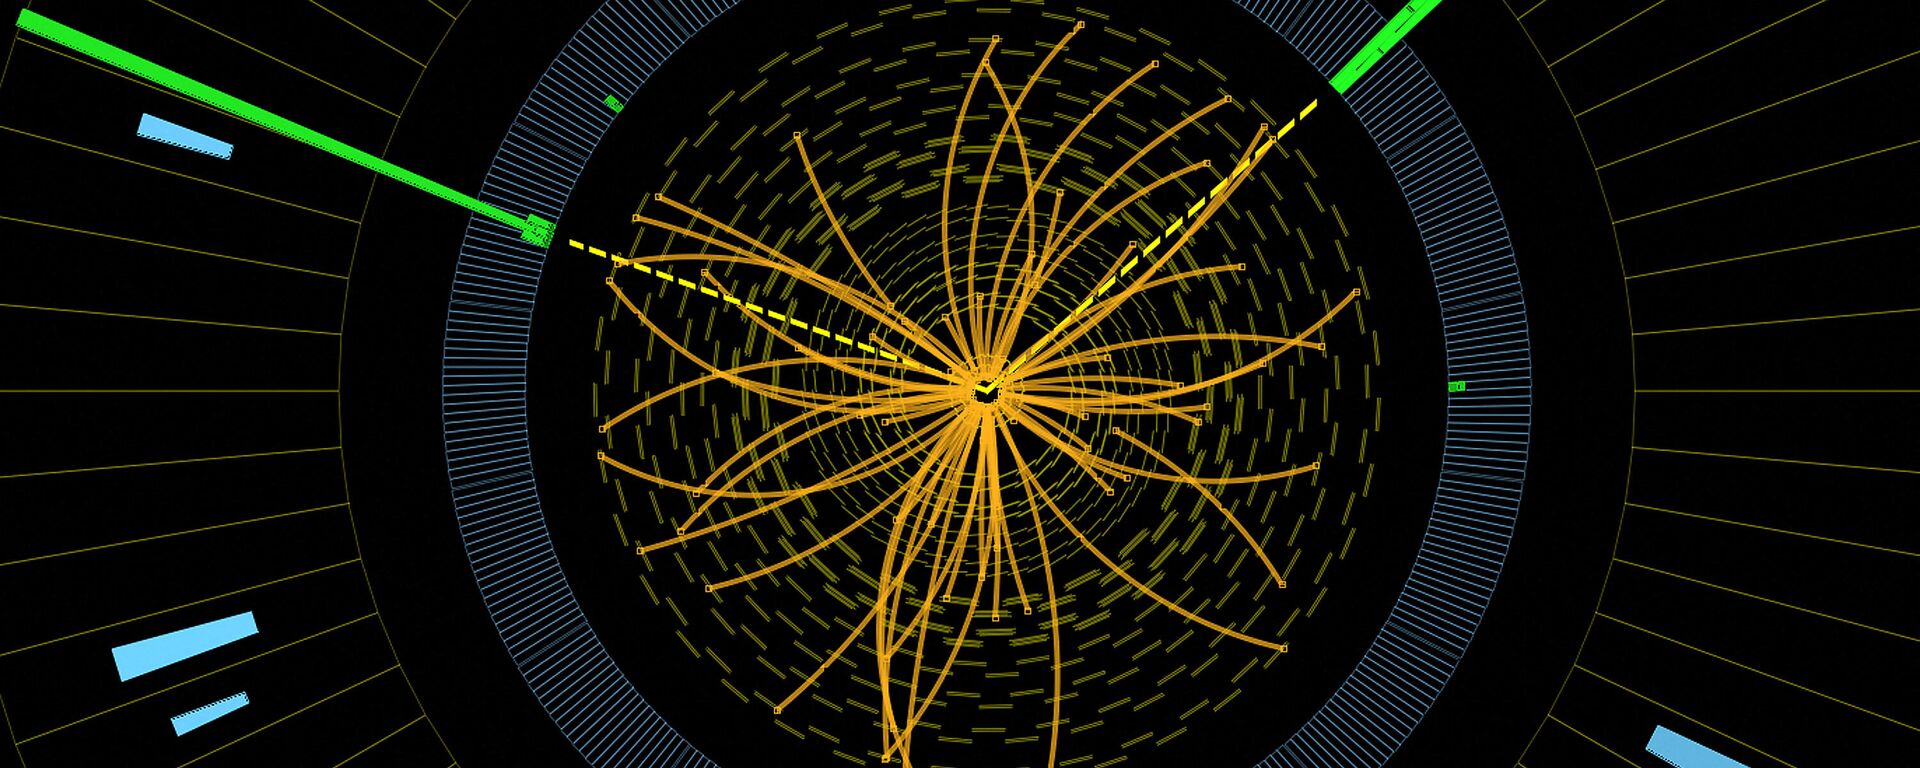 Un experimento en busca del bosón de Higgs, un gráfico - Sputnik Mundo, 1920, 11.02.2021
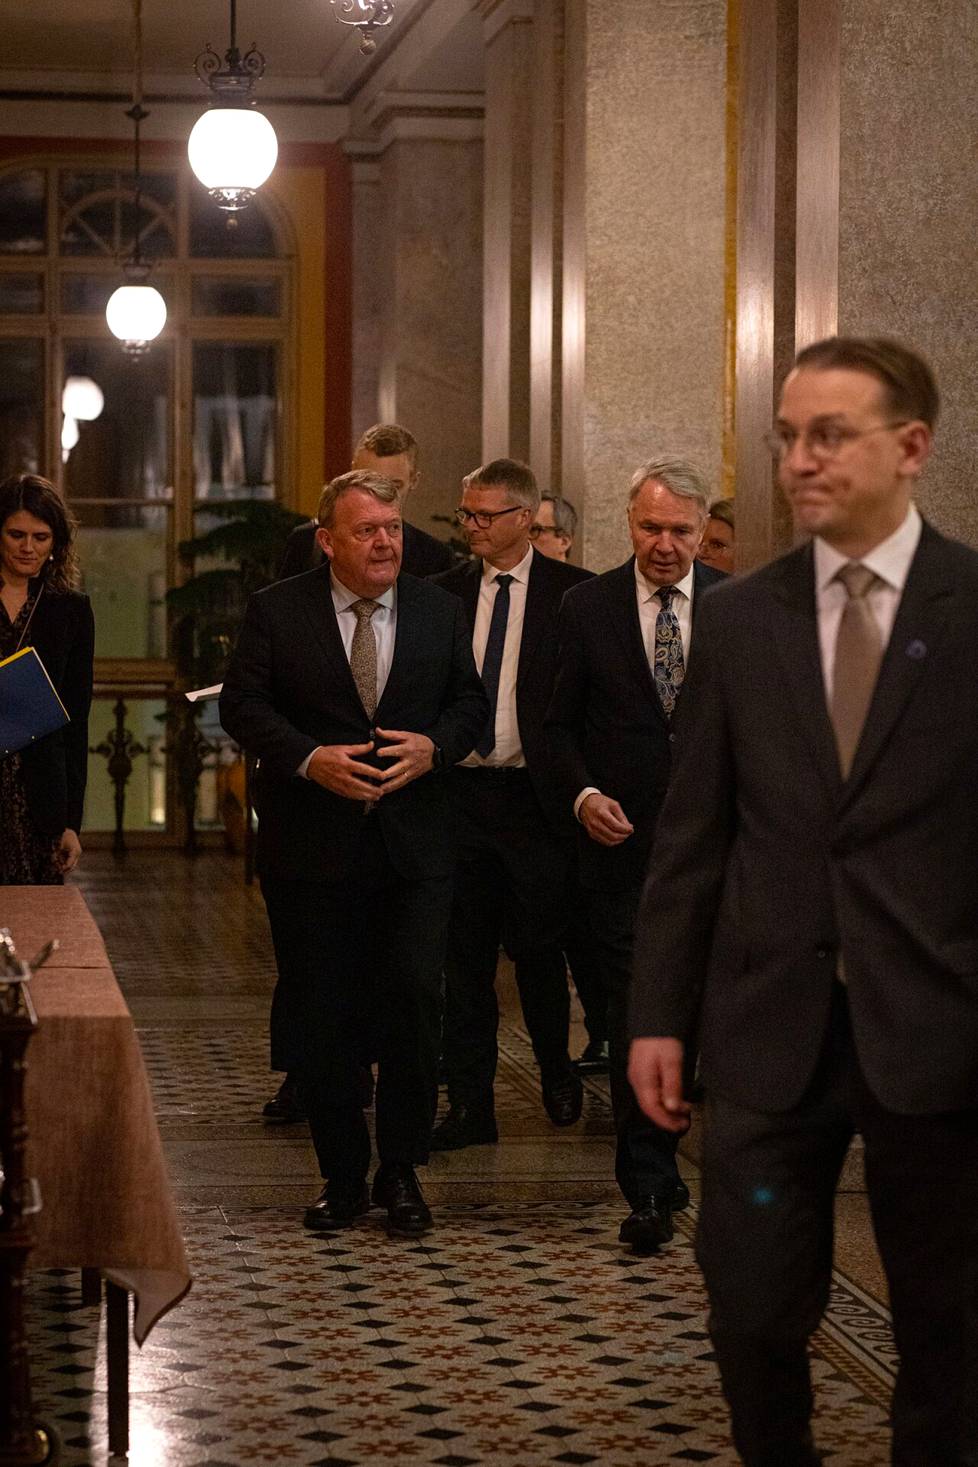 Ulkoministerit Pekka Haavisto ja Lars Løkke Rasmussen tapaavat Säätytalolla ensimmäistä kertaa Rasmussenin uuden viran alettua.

====

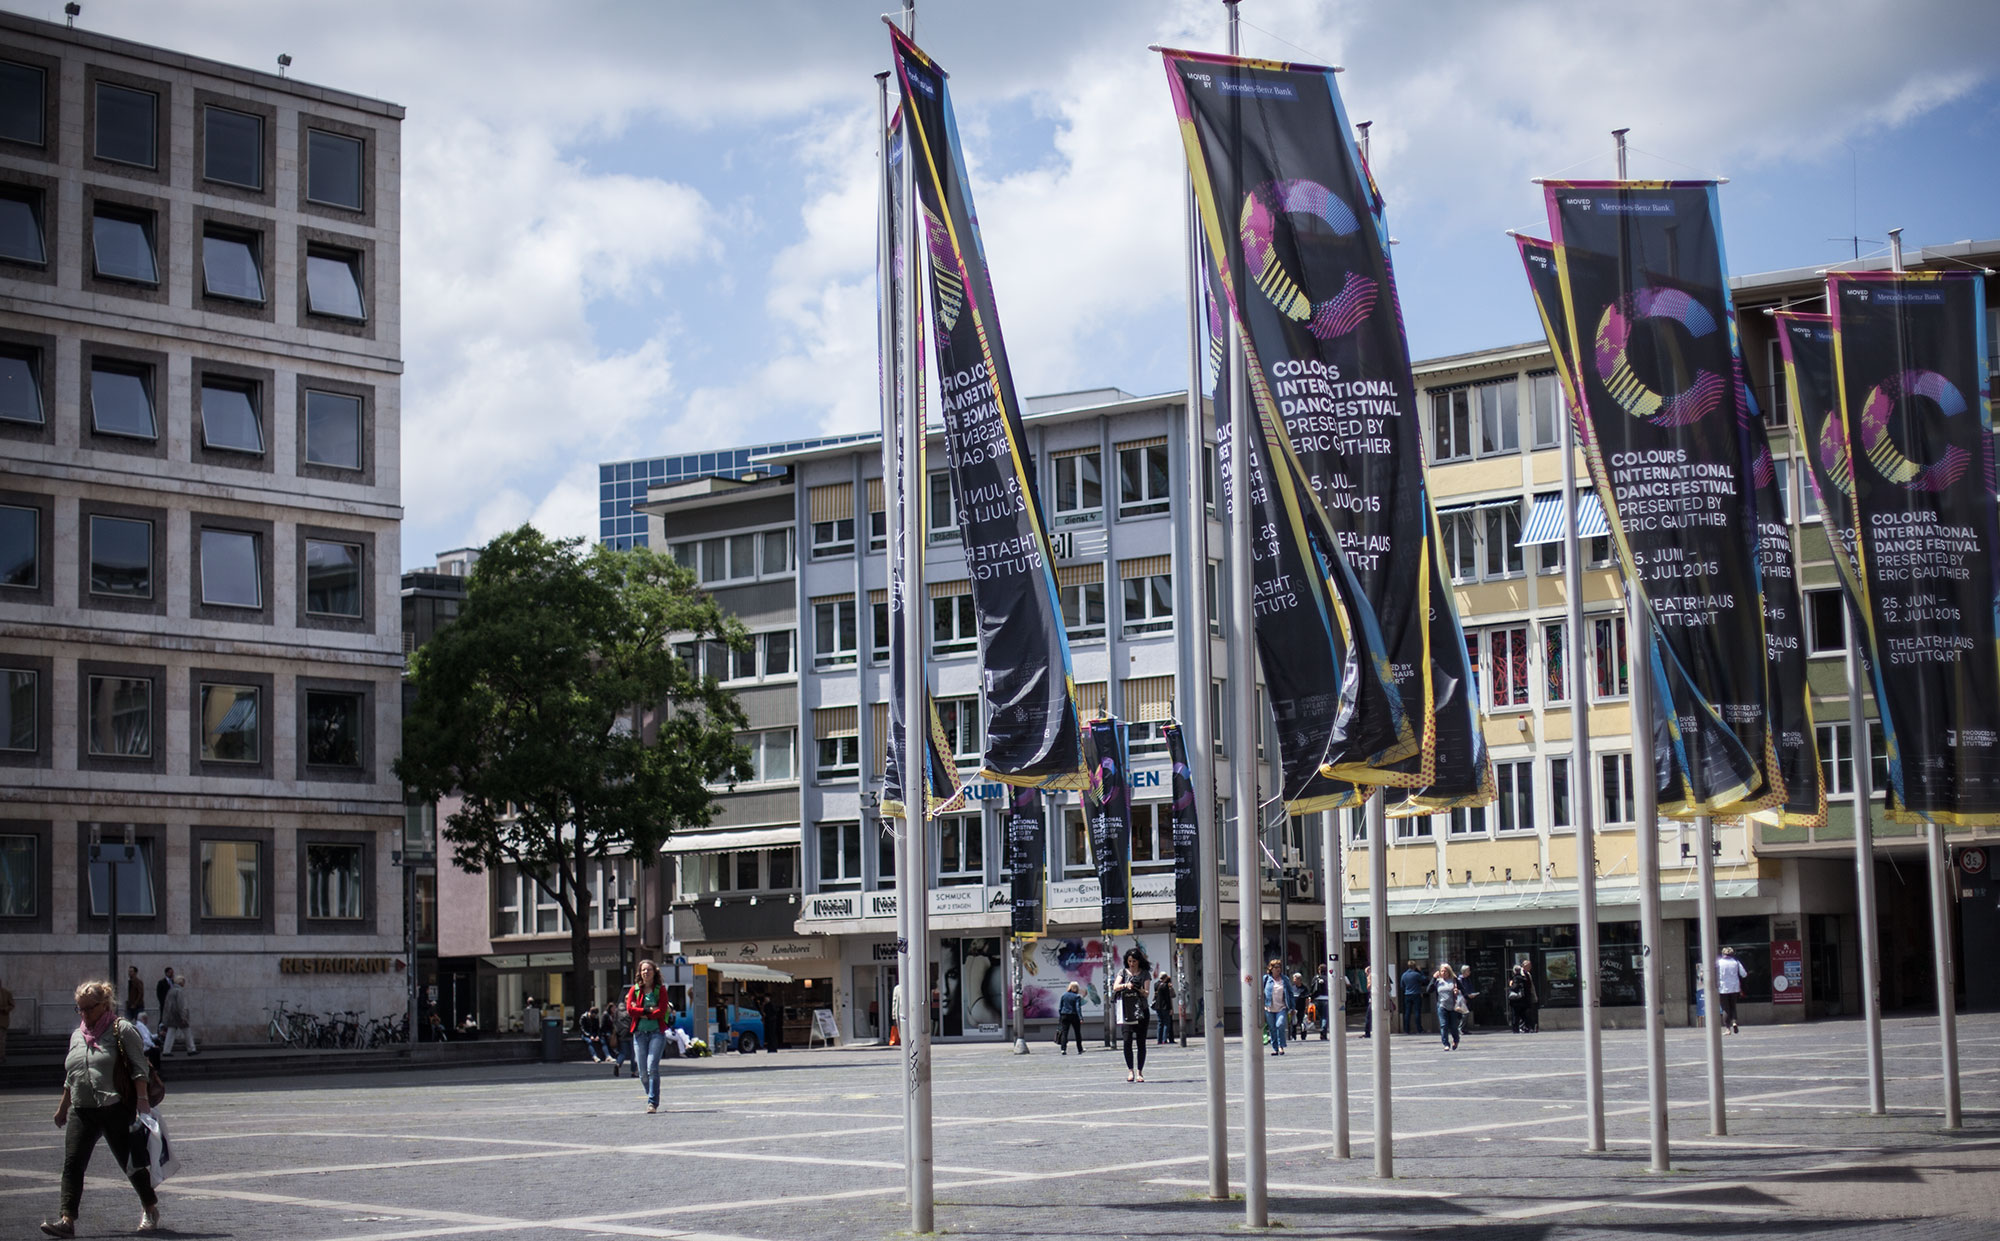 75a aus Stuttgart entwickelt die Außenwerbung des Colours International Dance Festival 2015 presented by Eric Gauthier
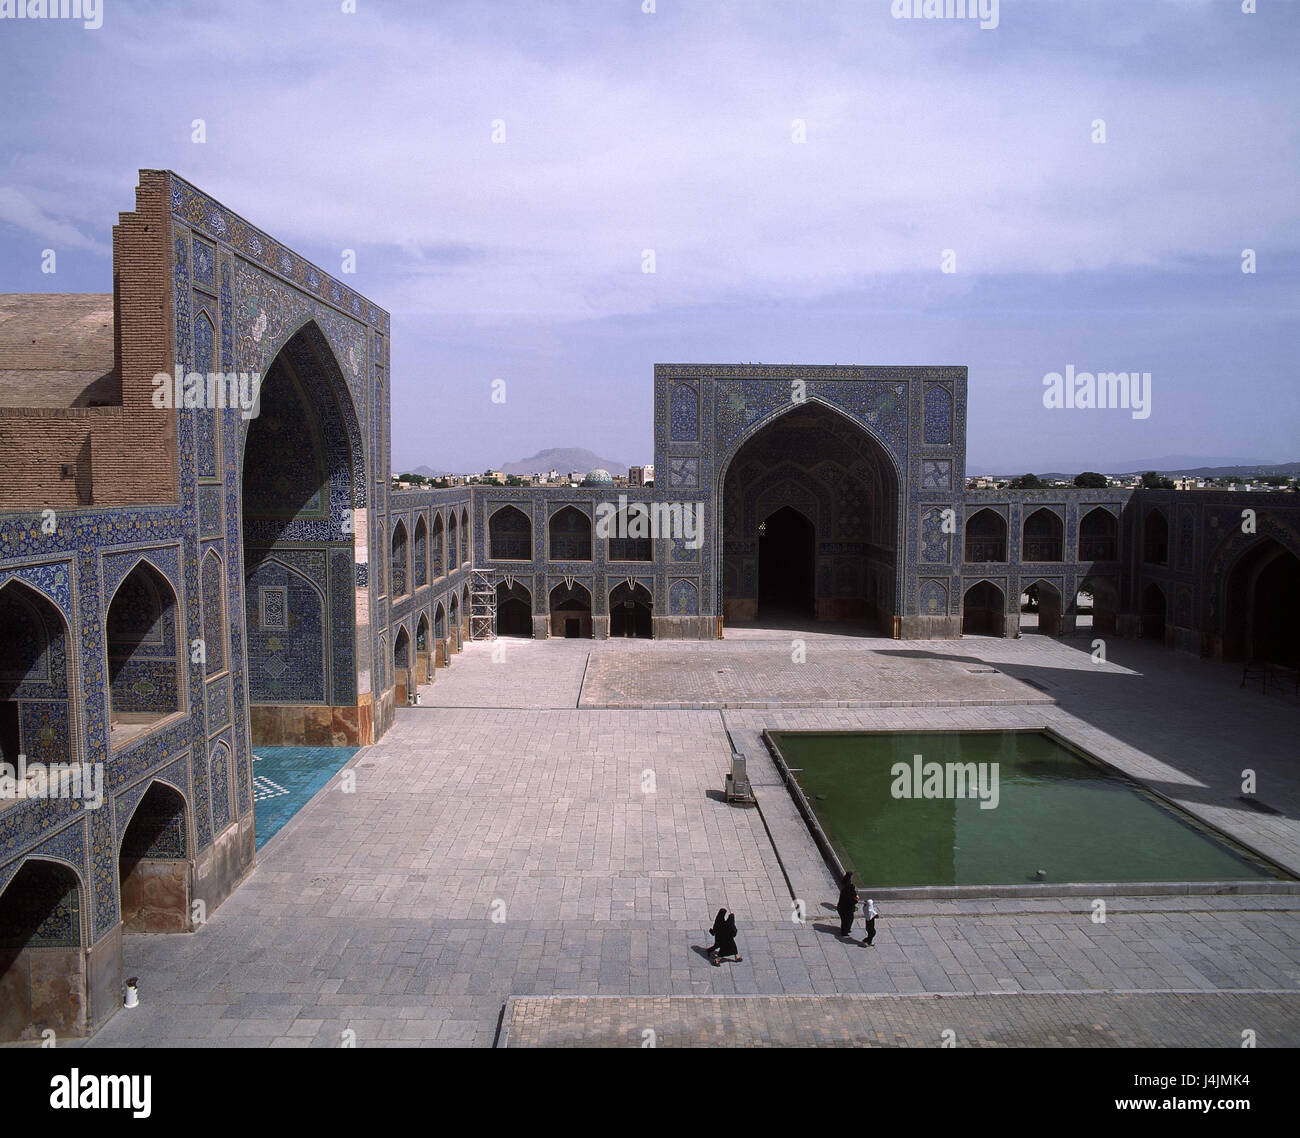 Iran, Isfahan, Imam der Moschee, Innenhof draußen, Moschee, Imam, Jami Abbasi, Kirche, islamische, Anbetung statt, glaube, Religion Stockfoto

====

### Task instructions
Write down exactly what the lines above say, from the line holding "Un experimento en" through the line holding "Ulkoministerit Pekka Haavisto", and nothing more. Do not copy the pictures.

### Solution
 Un experimento en busca del bosón de Higgs, un gráfico - Sputnik Mundo, 1920, 11.02.2021
 Ulkoministerit Pekka Haavisto ja Lars Løkke Rasmussen tapaavat Säätytalolla ensimmäistä kertaa Rasmussenin uuden viran alettua.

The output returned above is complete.